On Mon, Apr 5, 2021 at 3:27 AM Loïc Dachary <loic(a)dachary.org> wrote:
<SNIP>
The version with sharding is faster and it finished before the measures
started. The first observable evidence of the optimization, exciting :-) I
changed the test program so that it keeps running forever and will be
killed by the caller when it is no longer needed.
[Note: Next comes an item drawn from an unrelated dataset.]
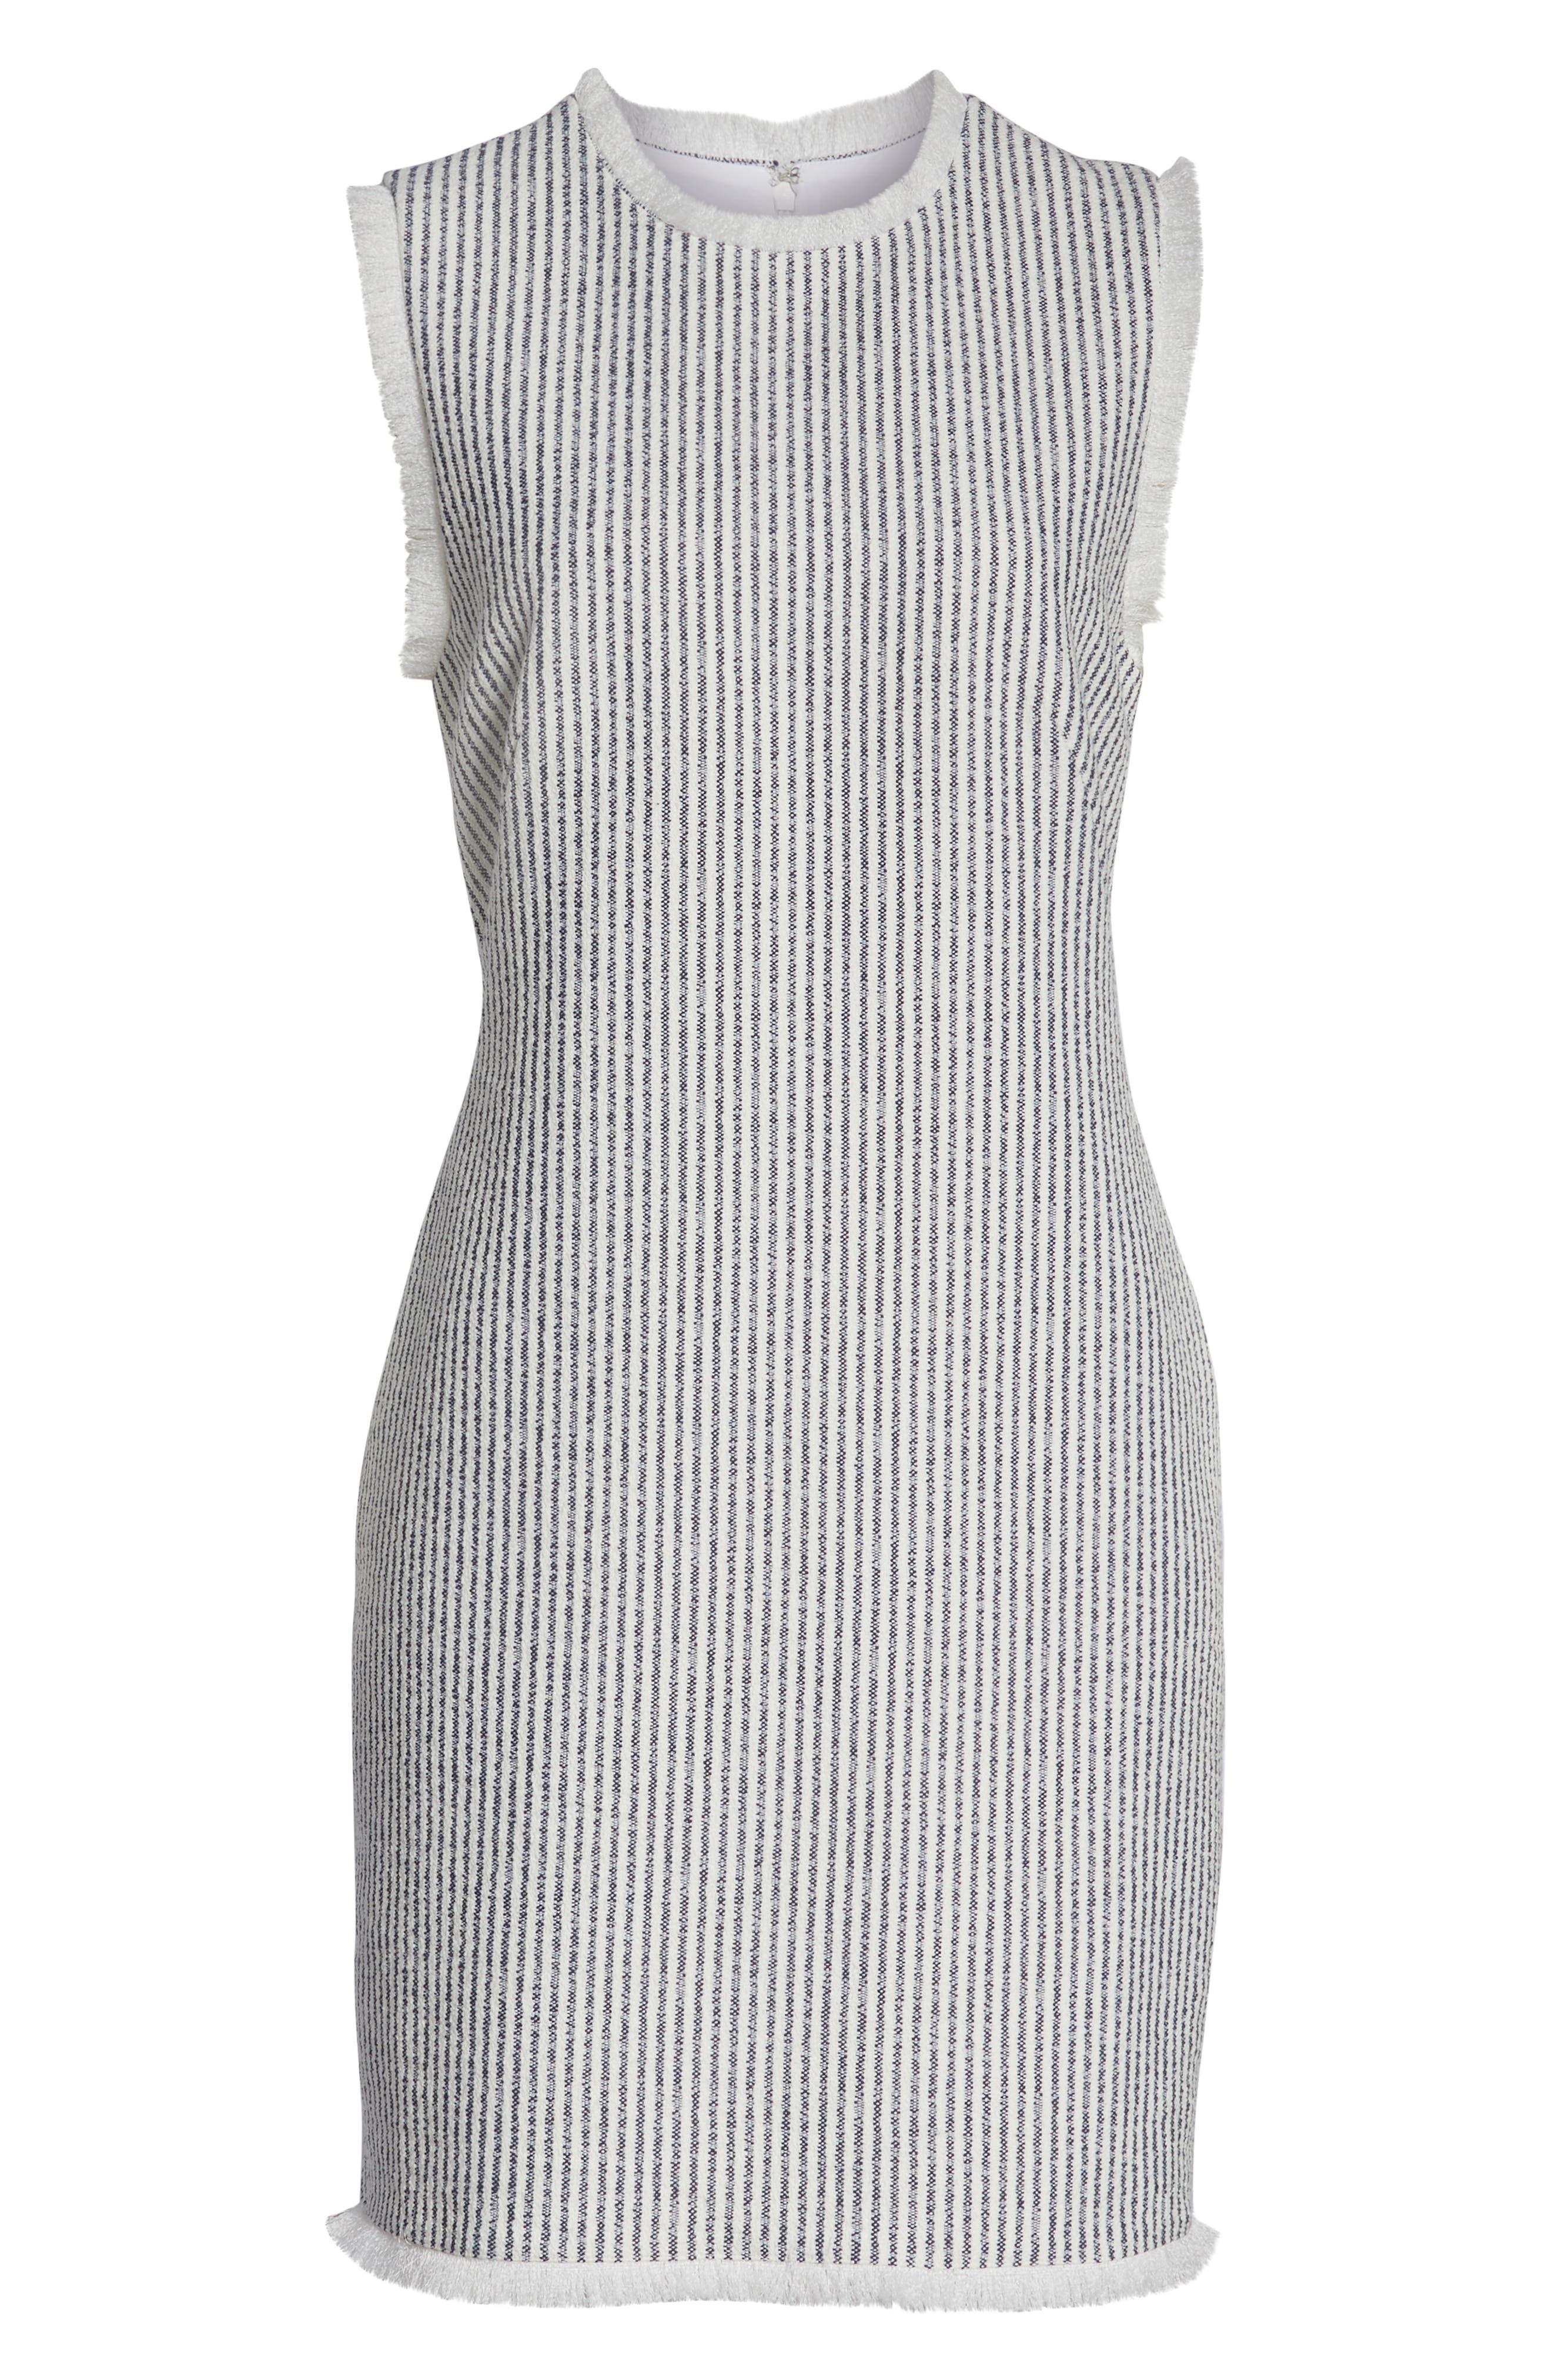 CHARLES HENRY, Fringe Trim Stripe Shift Dress, Alternate thumbnail 7, color, NAVY WHITE STRIPE

The output was uploaded in ceph-c2c-jmario-2021-04-05-09-26.tar.gz
Hi Loïc:
Your new sharding version looks much better. I do not see any cacheline
contention at all.
Here's some insight into the difference.
The atomic update you're doing to the lock-variable has to both read and
write the lock-variable and does it while it has the cacheline for the
lock-variable locked.
The cpu doing that atomic instruction needs to first get ownership of the
cacheline. If no other threads of execution are also trying to get
ownership of that cacheline, then ownership is granted rather quickly.
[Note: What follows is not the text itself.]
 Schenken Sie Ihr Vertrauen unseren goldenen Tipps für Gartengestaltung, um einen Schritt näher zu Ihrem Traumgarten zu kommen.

If, however, there are many other threads of execution trying to get
ownership of that cacheline, then all those cpus must "get in line" and
wait their turn.
In your "without-sharding" case, the average number of machine cycles
needed for the atomic instruction to gain ownership of the cacheline was
751 machine cycles. In the "with-sharding" case, it dropped to 84 machine
cycles.
Understand, however, the above numbers are not perfectly accurate. That's
because perf was instructed to ignore any load instructions that took
faster than 70 machine cycles to complete. The reasoning is at those low
levels of machine cycles, there is no contention, so why burden the perf
tool execution and data collection with the extra processing of fast loads
that aren't relevant to finding cacheline contention. I mention this for
completeness. The drop from 751 to 84 machine cycles is significant.
Do you have something in your code to guarantee that nothing else resides
in the same aligned "128 byte 2-cacheline block" as your locks?
Joe